Personal information
- Date of birth: 11 July 1956 (age 68)
- Place of birth: Gyöngyös, Hungary

Youth career
- 1970–1974: Debreceni VSC

Senior career*
- Years: Team / Apps / (Gls)
- 1974–1979: Debreceni VSC
- 1979–1981: Honvéd Szabó Lajos SE
- 1981: Hajdúböszörményi TE
- 1981–1984: Hajdúszoboszlói Bocskai
- 1984–1986: Karcag SE
- 1986–1988: Hajdúszoboszlói FC

Managerial career
- 1988–1995: Debrecen (youth)
- 1996–1997: Debreceni VSC (assistant coach)
- 1996–1999: Debreceni VSC
- 1998–1999: Hungary Olympic Team (assistant coach)
- 1999–2000: Debreceni VSC (youth team)
- 2000–2001: FC Tiszaújváros
- 2001–2004: Debreceni VSC (youth team)
- 2001–2004: Létavértes SC
- 2004–2007: Debreceni VSC (assistant coach)
- 2007–2010: Debreceni VSC
- 2016: Debreceni VSC (interim)
- 2017–2019: Debreceni VSC

= András Herczeg =

Hungarian footballer and manager

András Herczeg (born 11 July 1956) is a Hungarian football manager and former player, who is the manager of Debreceni VSC. He worked as the manager of the Debreceni VSC between 2007 and 2010. He led his team to the group stages of the Champions League 2009–10 season and to the group stages of the 2010–11 Europa League season.
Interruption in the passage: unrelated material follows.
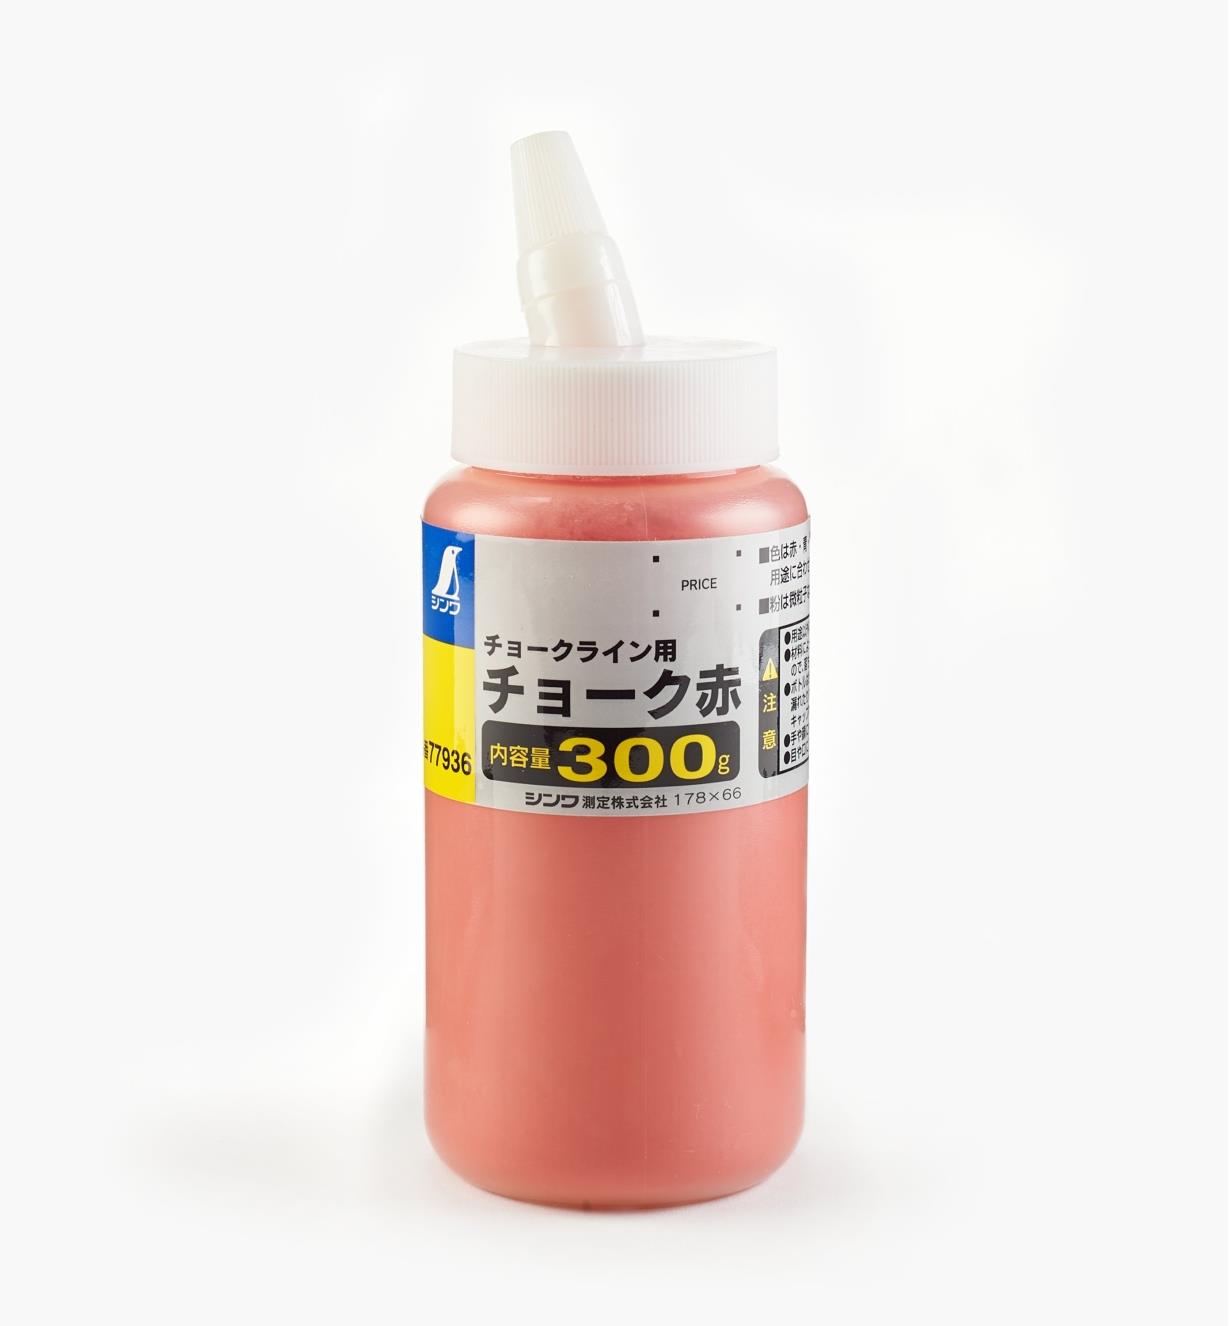 83U0254 - 300g Red Chalk Powder

His team reached their zenith by beating Sampdoria 2–0 at the Puskás Ferenc Stadium in 2010.

==Managerial career==

===First era===
András Herczeg became the manager of Debreceni VSC in 2007. Debreceni VSC won the Hungarian National Championship I in 2009 and 2010 and the Hungarian Cup in 2008 and 2010. During the management of András Herczeg Debrecen reached their zenith by qualifying for the group stages of the 2009–10 UEFA Champions League and in the following year the group stages of the 2010–11 Europa League. Herczeg has been the most successful manager of the Debreceni VSC.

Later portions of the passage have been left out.